* Data segment:
BEGIN

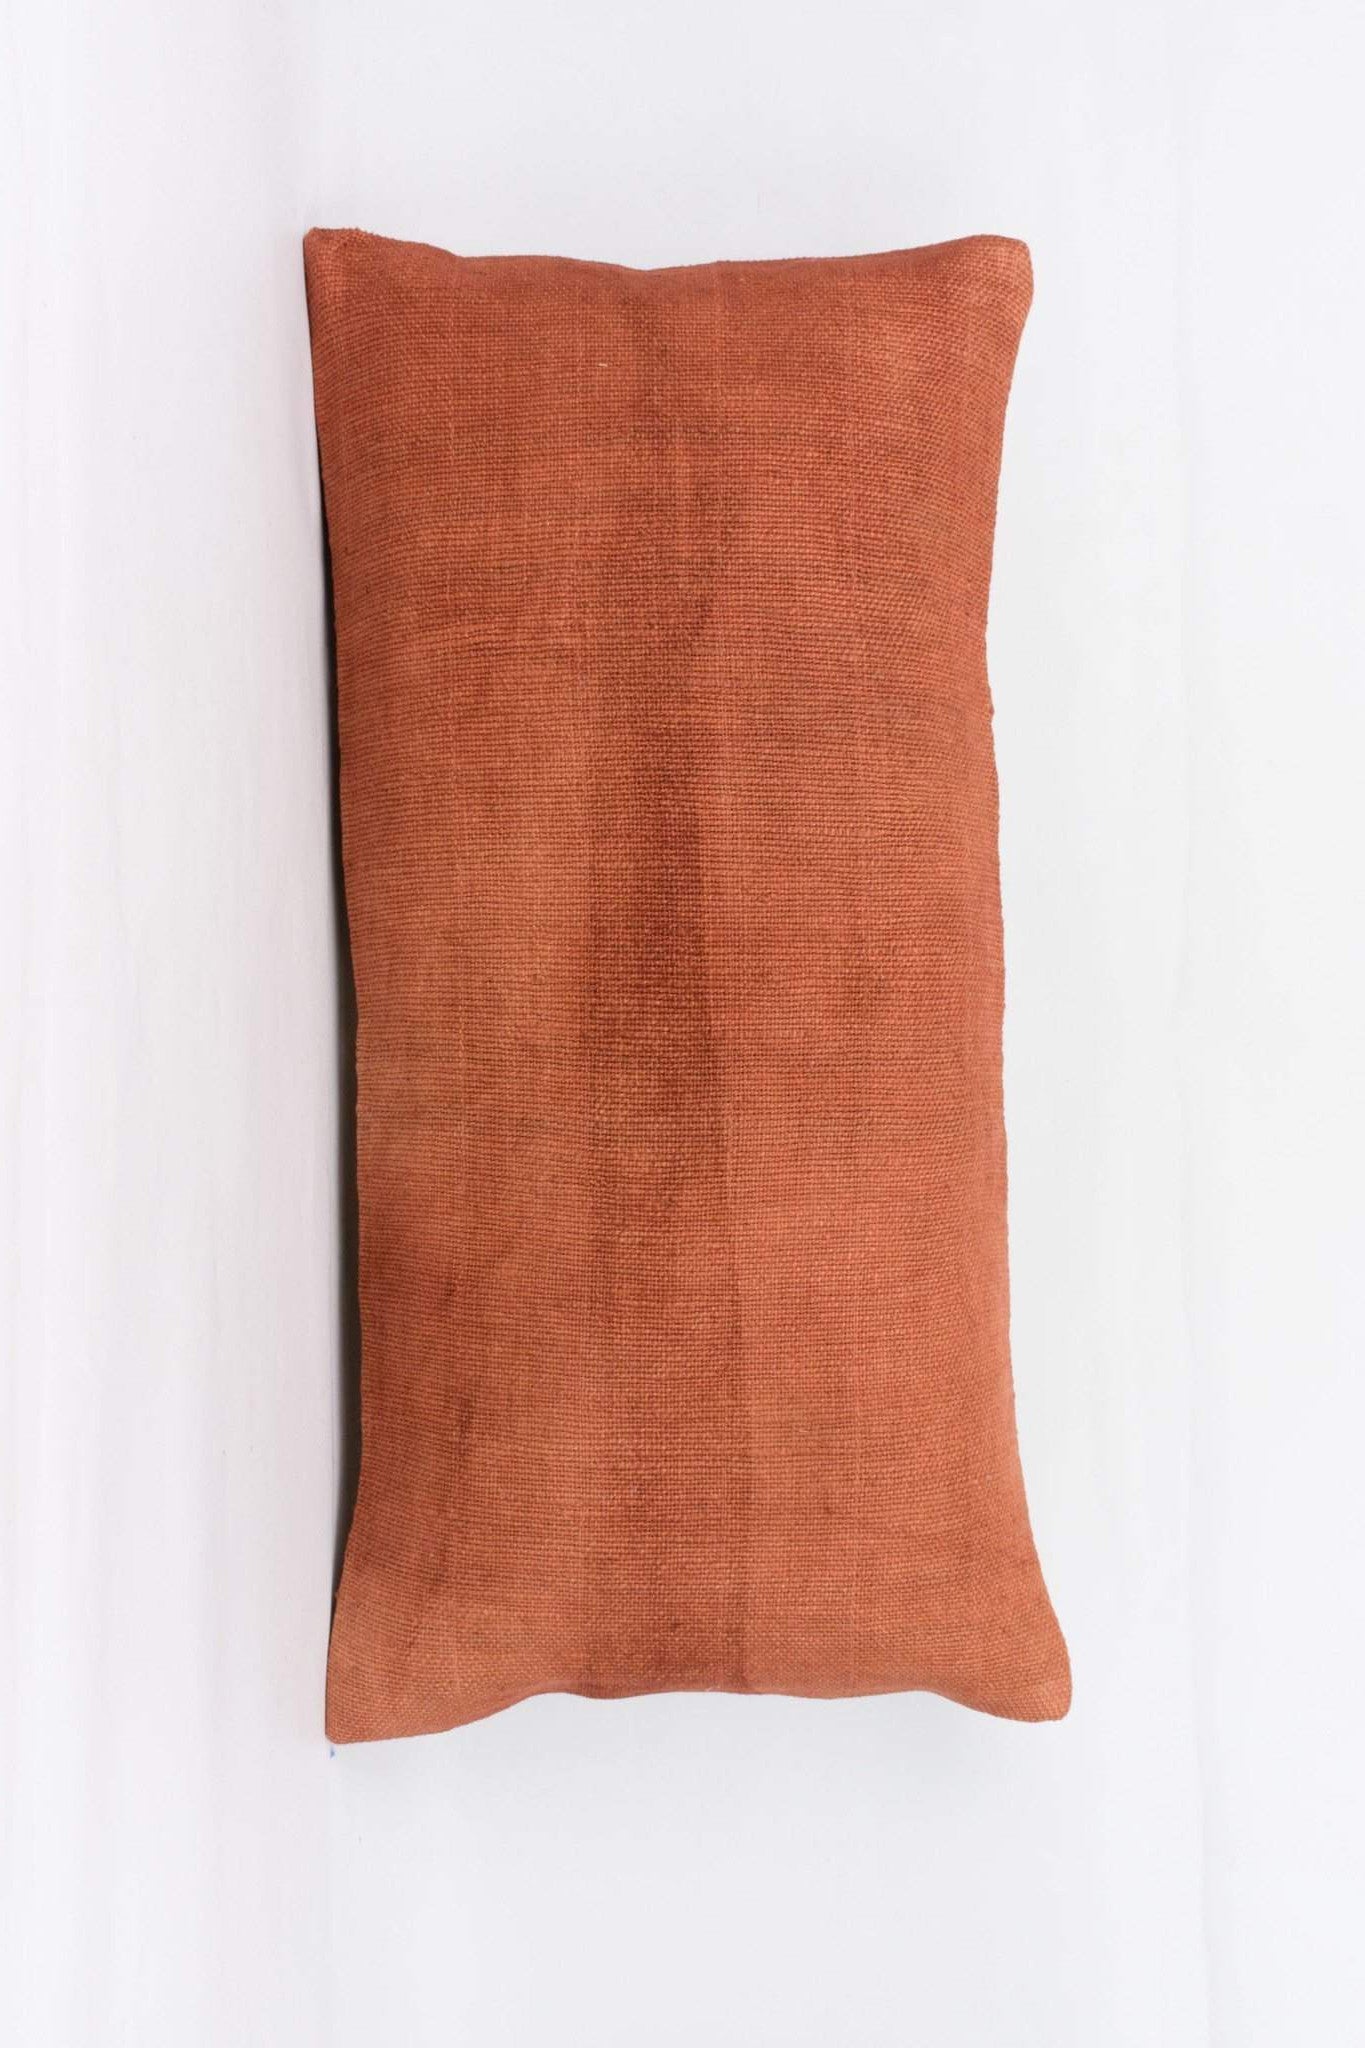 Plain Brown Kilim Pillow Cover 12x24 4189 - kilimpillowstore
 - 1
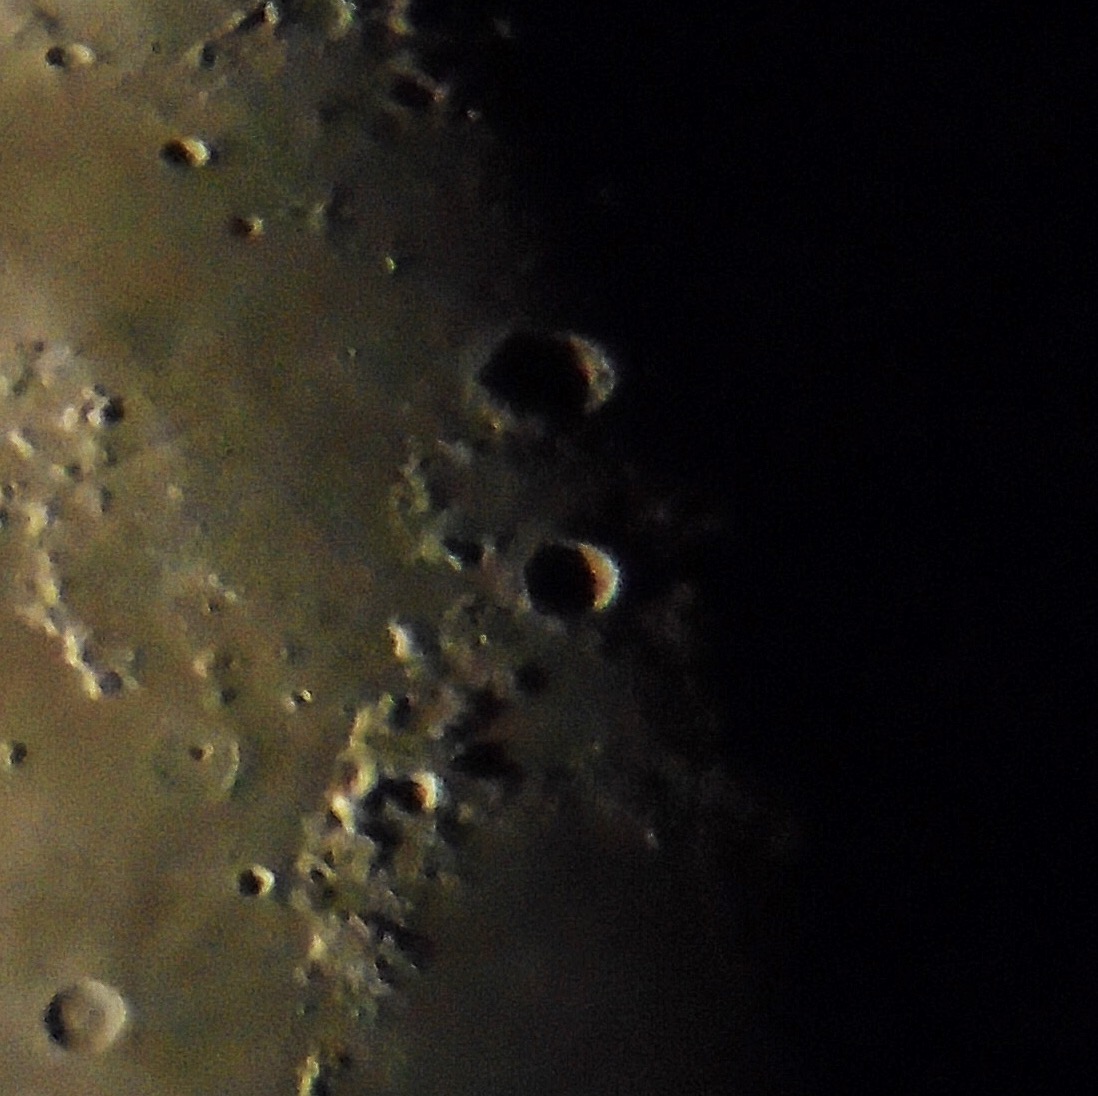 Lunar Craters_2

END

* Prompt: Your task is to retype the listing exactly, without its pictures.

* Finished exercise:
 Plain Brown Kilim Pillow Cover 12x24 4189 - kilimpillowstore
 - 1
 Lunar Craters_2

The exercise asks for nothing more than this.